Supplied data —
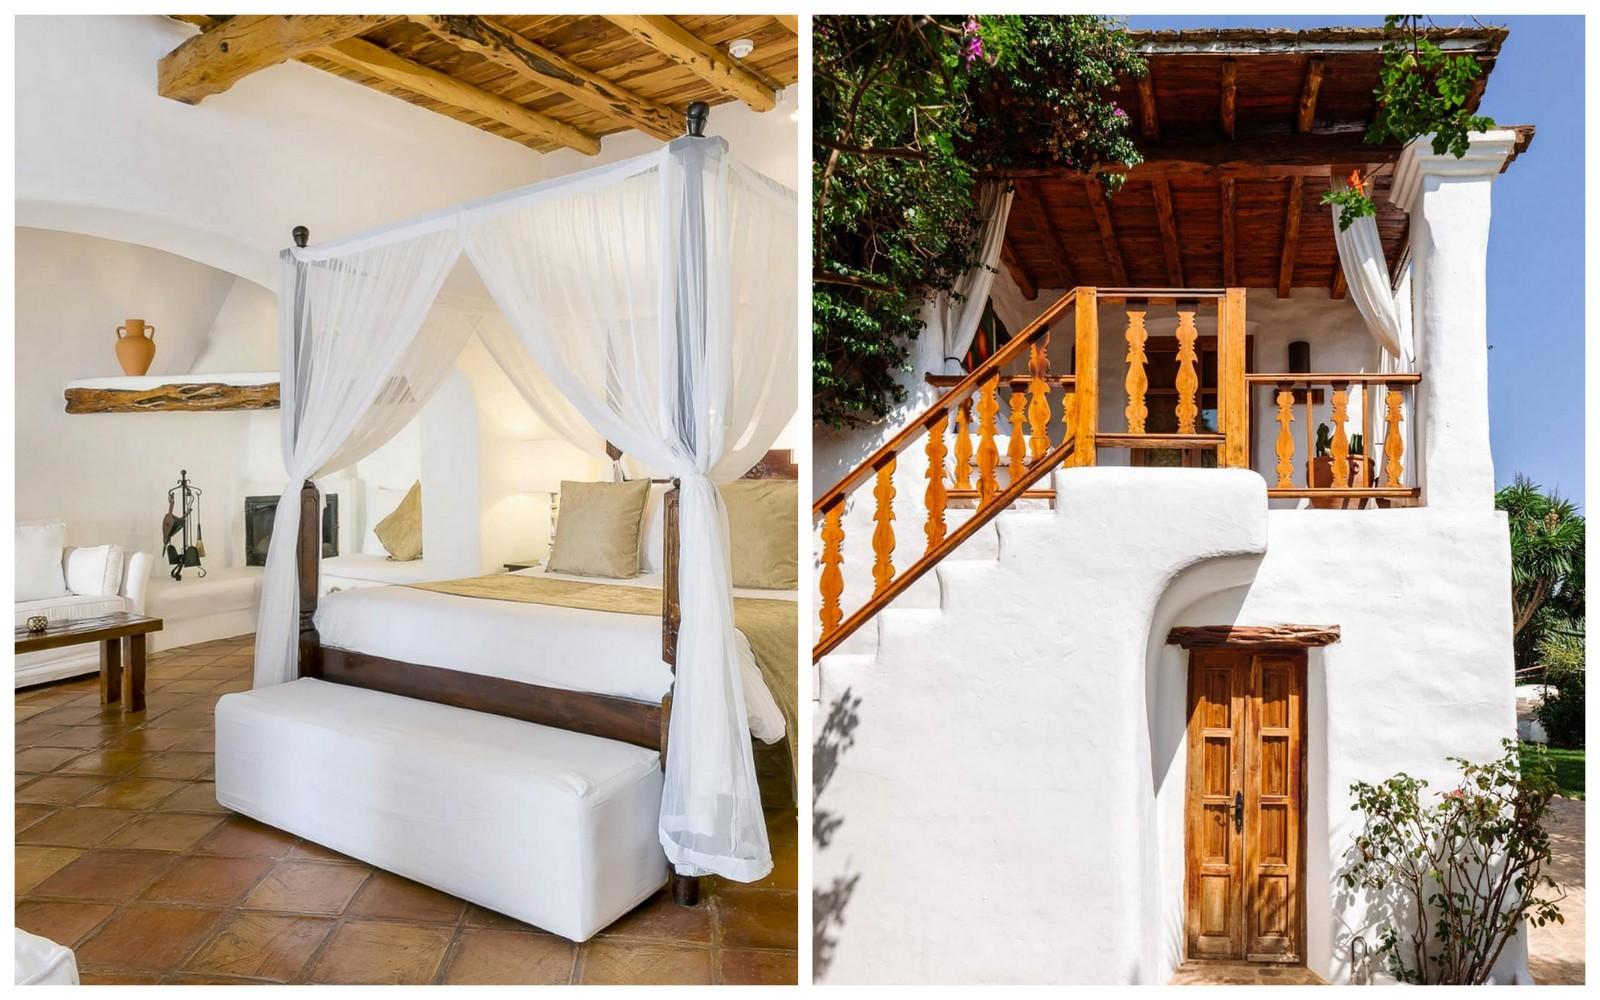 ibiza,hotel,atzaro,agroturismo,spa,bougainvilliers,déco,palmiers,travel,travel guide,espagne,île d'ibiza,où dormir à ibiza
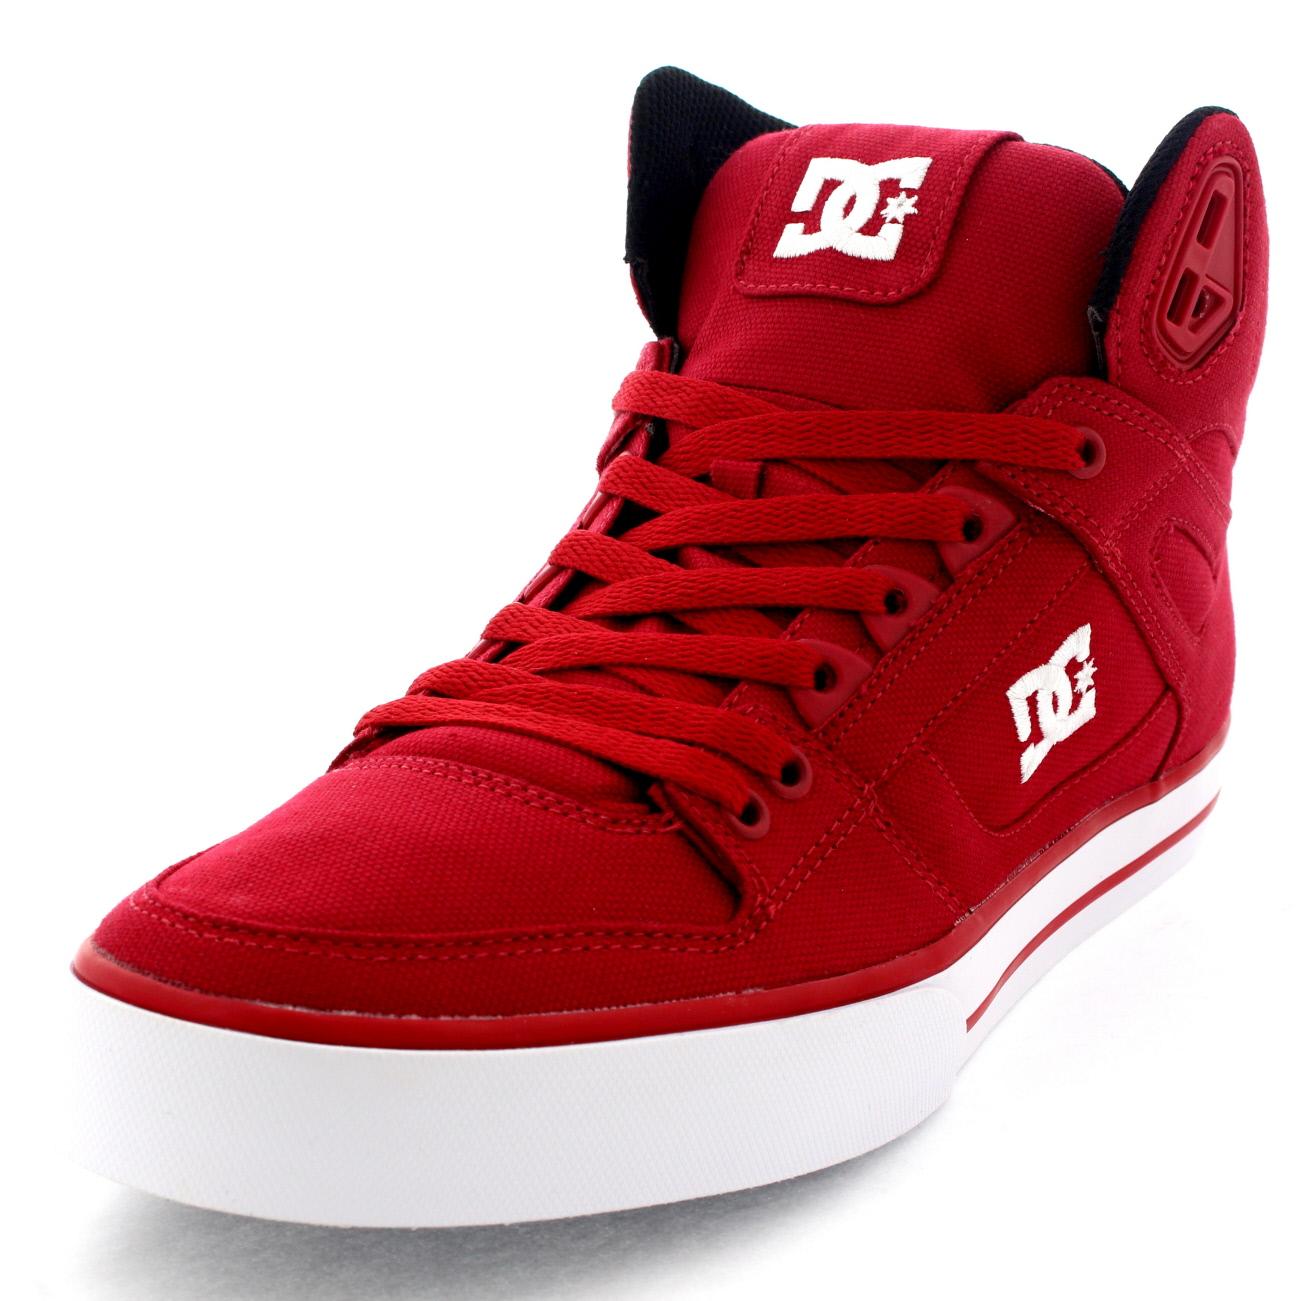 Alta Dc Shoes Cime Uk
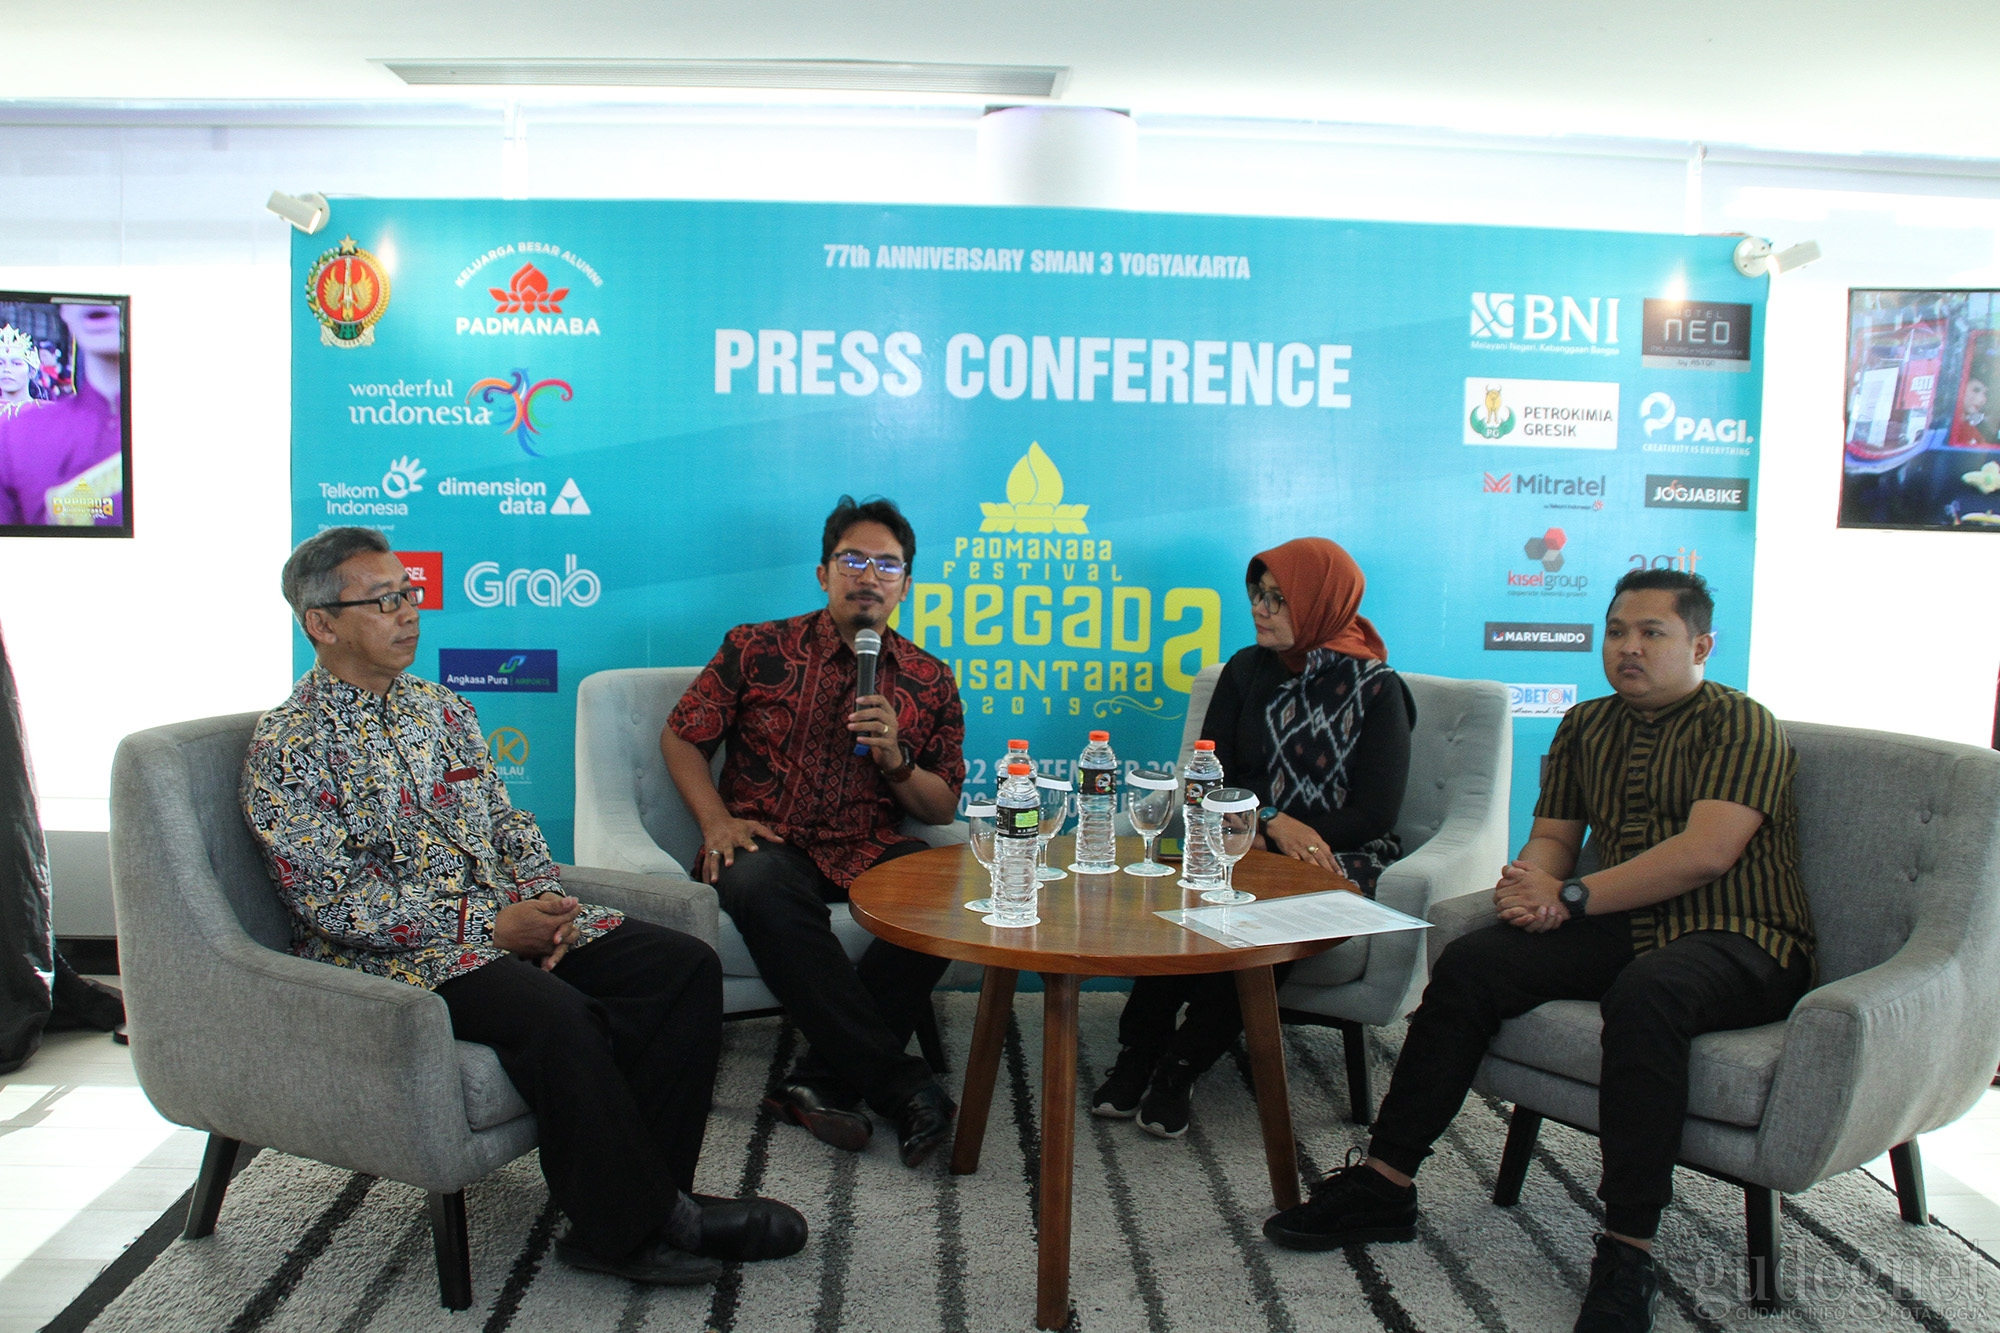 Padmanaba Kembali Gelar Festival Bregada Nusantara
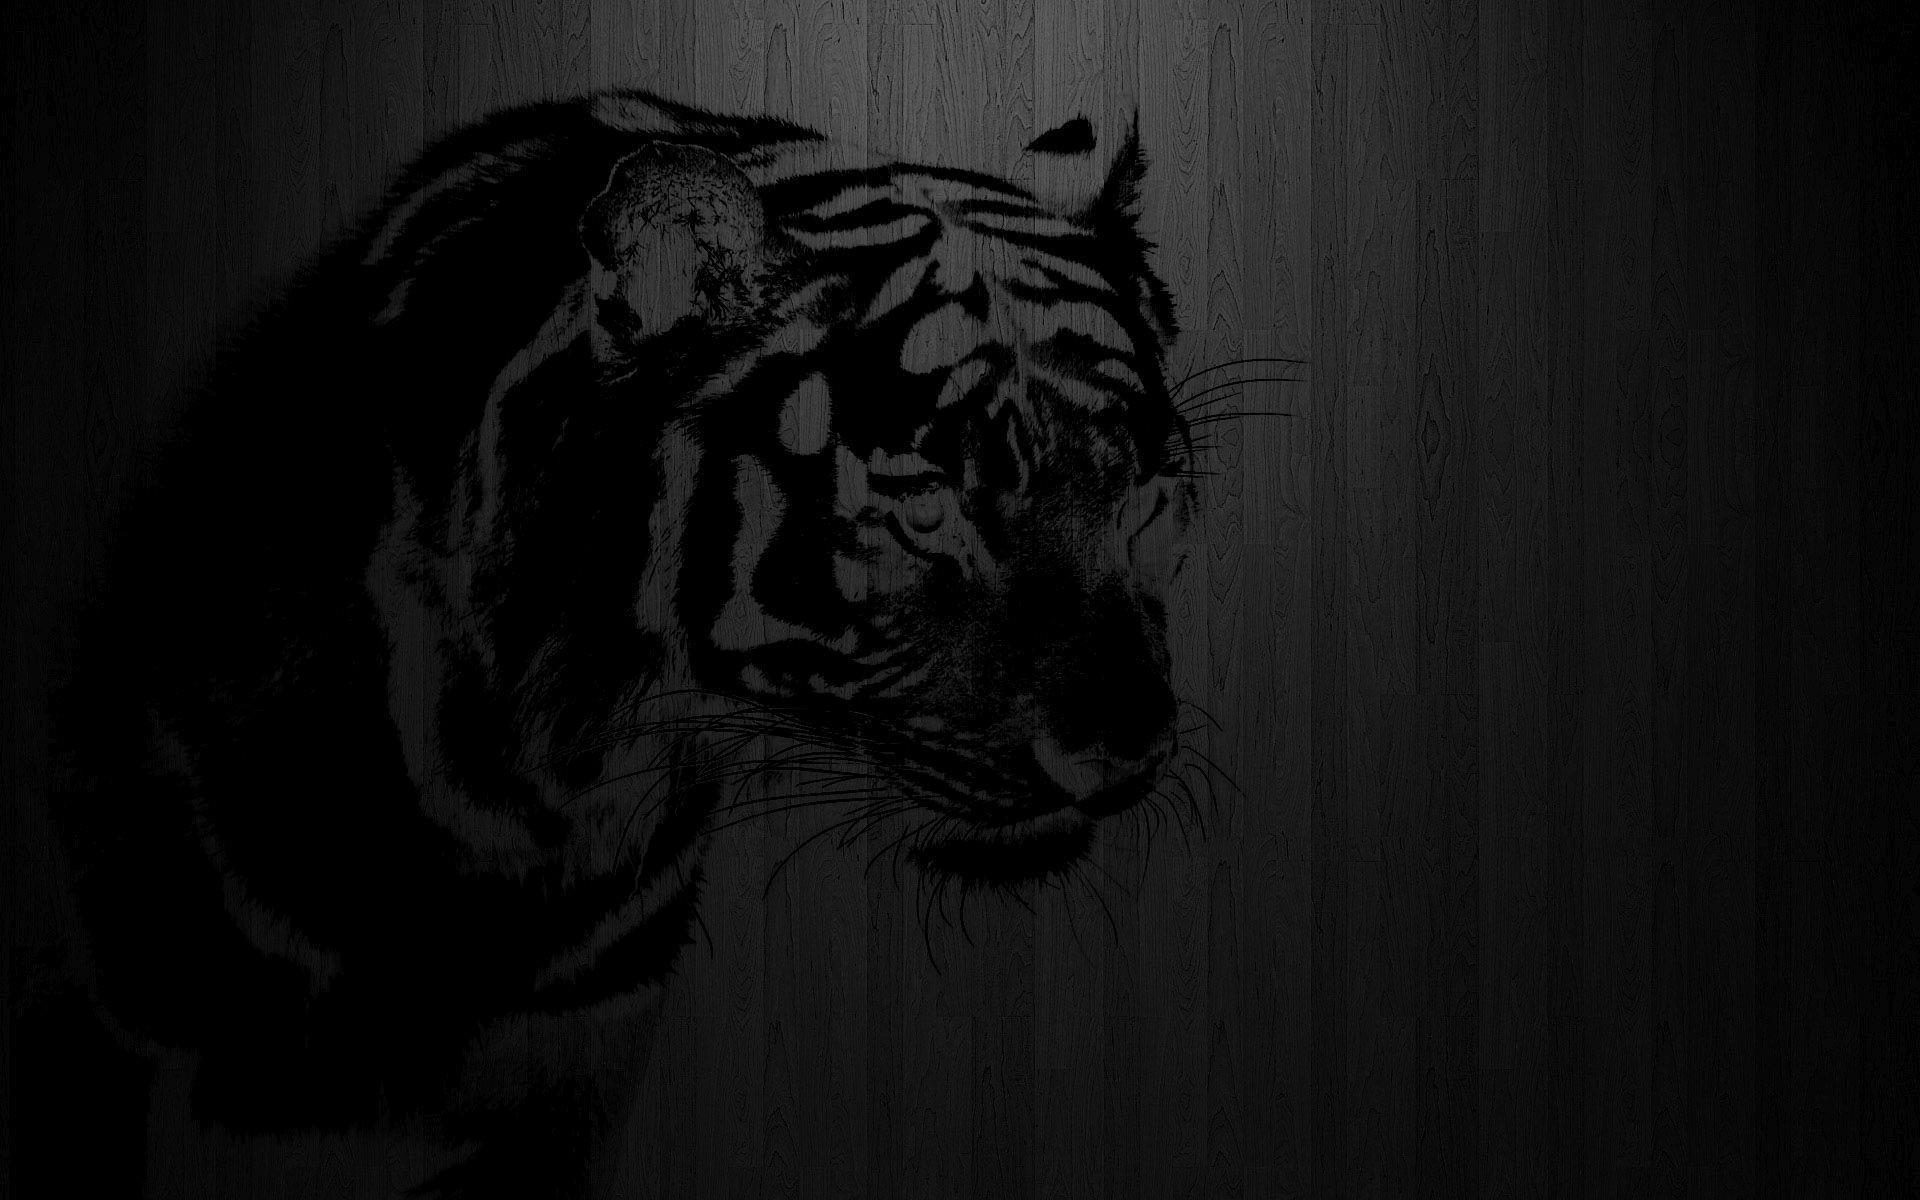 … Black tiger print on wood

Problem statement —
Only the text of the material belongs in your copy, which must match the original exactly.

Answer to the problem —
 ibiza,hotel,atzaro,agroturismo,spa,bougainvilliers,déco,palmiers,travel,travel guide,espagne,île d'ibiza,où dormir à ibiza
 Alta Dc Shoes Cime Uk
 Padmanaba Kembali Gelar Festival Bregada Nusantara
 … Black tiger print on wood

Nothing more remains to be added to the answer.